Berset Alain · Ständerat · 2007-03-15
Berset Alain · Ständerat · Freiburg · Sozialdemokratische Fraktion · 2007-03-15
Wortprotokoll
La minorité vous propose ici de maintenir le droit en vigueur aux articles 10, 11, 36, 38, 43, 44, 45, 49, 50 et 53, comme conséquence de la décision qui sera prise concernant le bail à ferme agricole et le contrôle des fermages.

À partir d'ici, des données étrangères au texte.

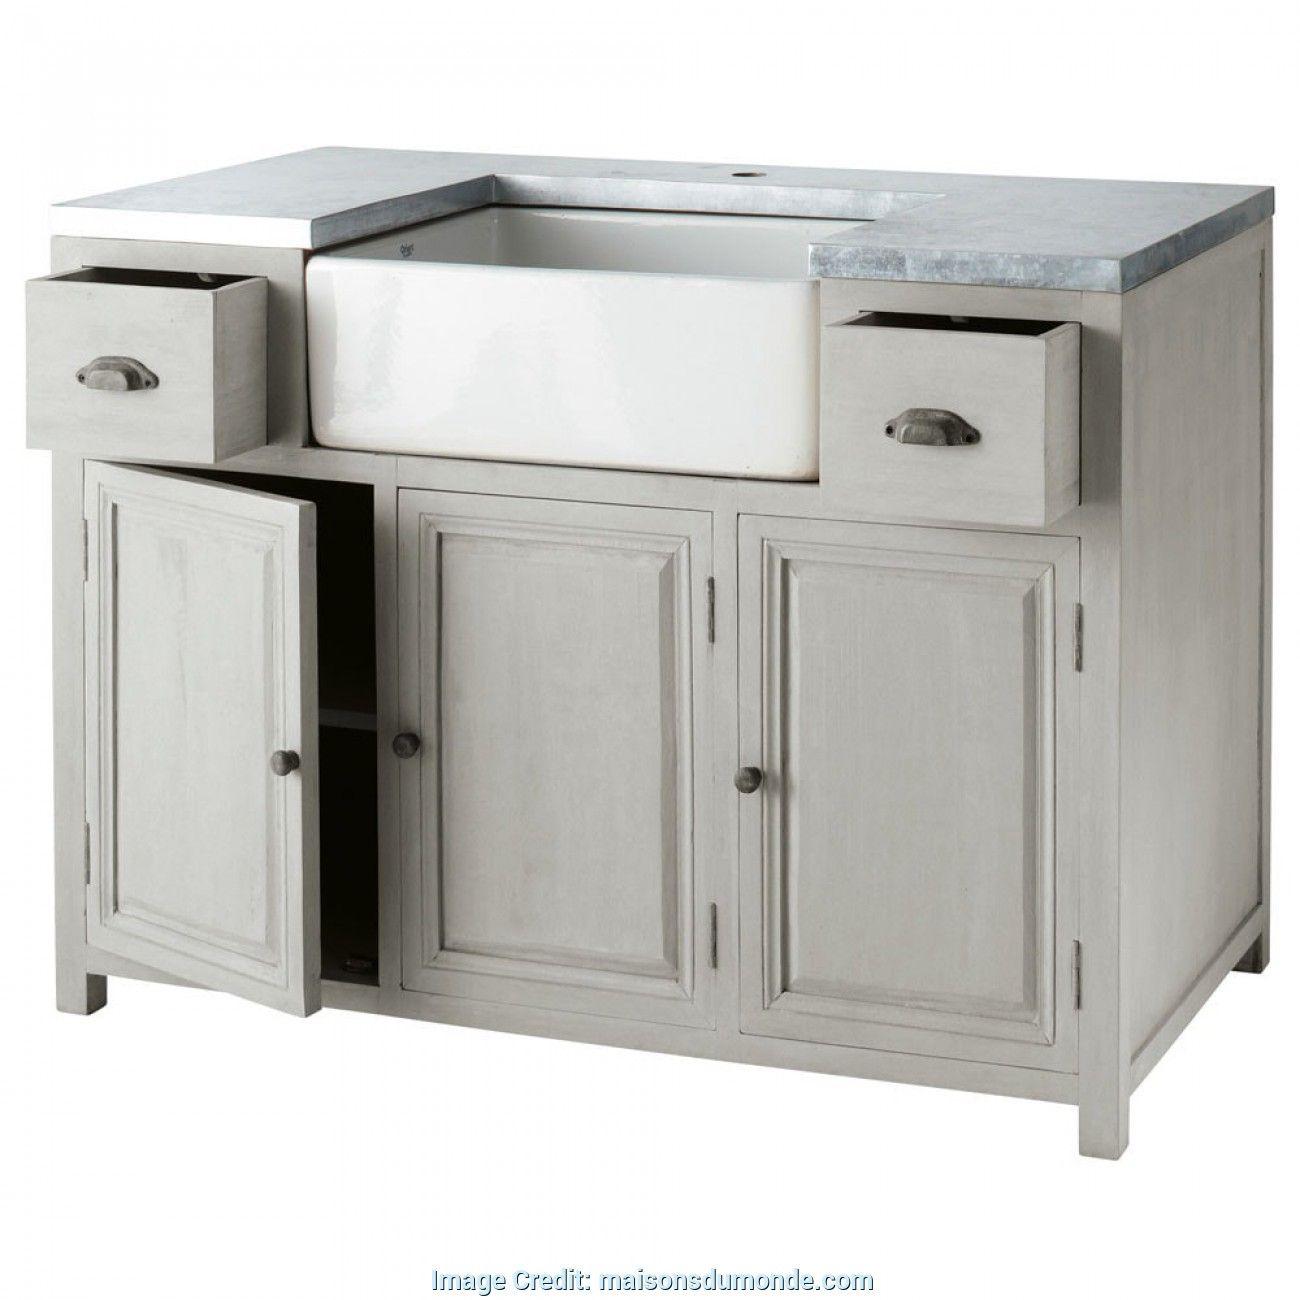 Mobile Per Lavabo Cucina lavello con mobile cucina con lavabo ikea cucina idee di

Le contrôle des fermages pour les immeubles agricoles isolés permet de limiter l'évolution des prix. Il sert de signal; il agit directement sur les contrats conclus par les autorités publiques concernées - lesquelles peuvent être les communes, naturellement, les bourgeoisies, corporations, fondations, et d'autres acteurs de ce marché. Nombre de propriétaires privés se réfèrent également au prix licite pour mettre leur terrain en affermage; le signal qui est donné avec le prix licite est donc important, parce qu'il sert de référence.
La minorité craint simplement que la modification de cet article, tel qu'il figure dans le droit en vigueur, ait pour conséquence de conduire directement à une augmentation des prix, notamment chez les propriétaires que sont les communes, bourgeoisies, etc., évoqués plus haut, et qui se sont tous jusqu'ici appuyés sur le prix licite. L'exploitation de terres louées est d'une grande importance pour beaucoup d'exploitants, tout comme l'est pour eux le contrôle de l'évolution des prix. Donc il y a une certaine logique: si nous avons décidé tout à l'heure de ne pas supprimer le prix licite pour la vente des terrains, il est logique de garder le contrôle des fermages aussi pour les locations. Une des craintes qui a été exprimée par ceux qui voulaient supprimer le prix de vente licite était de dire que celui-ci freinait les changements de propriétaires. Or nous venons de décider à une large majorité de garder ce contrôle. Mais au contraire, si on supprime le contrôle des fermages, cela pourrait être un frein supplémentaire - si déjà on admet cet argument - aux changements de propriétaires parce qu'il deviendrait plus intéressant pour eux de louer leurs terres, sachant qu'il n'y a plus de contrôle du prix des fermages et qu'ils peuvent augmenter leurs prix selon un marché qui se développerait différemment selon les régions, mais dans lequel il est difficile d'imaginer qu'on n'ait pas une augmentation assez nette des prix des fermages.
Ici aussi - mais j'ai constaté tout à l'heure que ce n'est peut-être pas un argument qui a une immense portée dans ce conseil -, 20 cantons se sont clairement exprimés pour le maintien de cet article selon le droit en vigueur. Ce ne sont pas seulement 20 cantons, mais également l'ensemble des organisations nationales et cantonales des paysans qui disent que c'est un instrument qu'ils souhaitent pouvoir continuer à utiliser à l'avenir. Je le rementionne ici sans trop d'espoir, mais je pense que c'est quand même utile que cela figure au Bulletin officiel.
Avec ces arguments, la petite minorité de la commission, qui reste toujours une petite minorité de la commission mais qui espère toujours représenter une partie importante du monde paysan dans cette question, vous recommande de suivre sa proposition.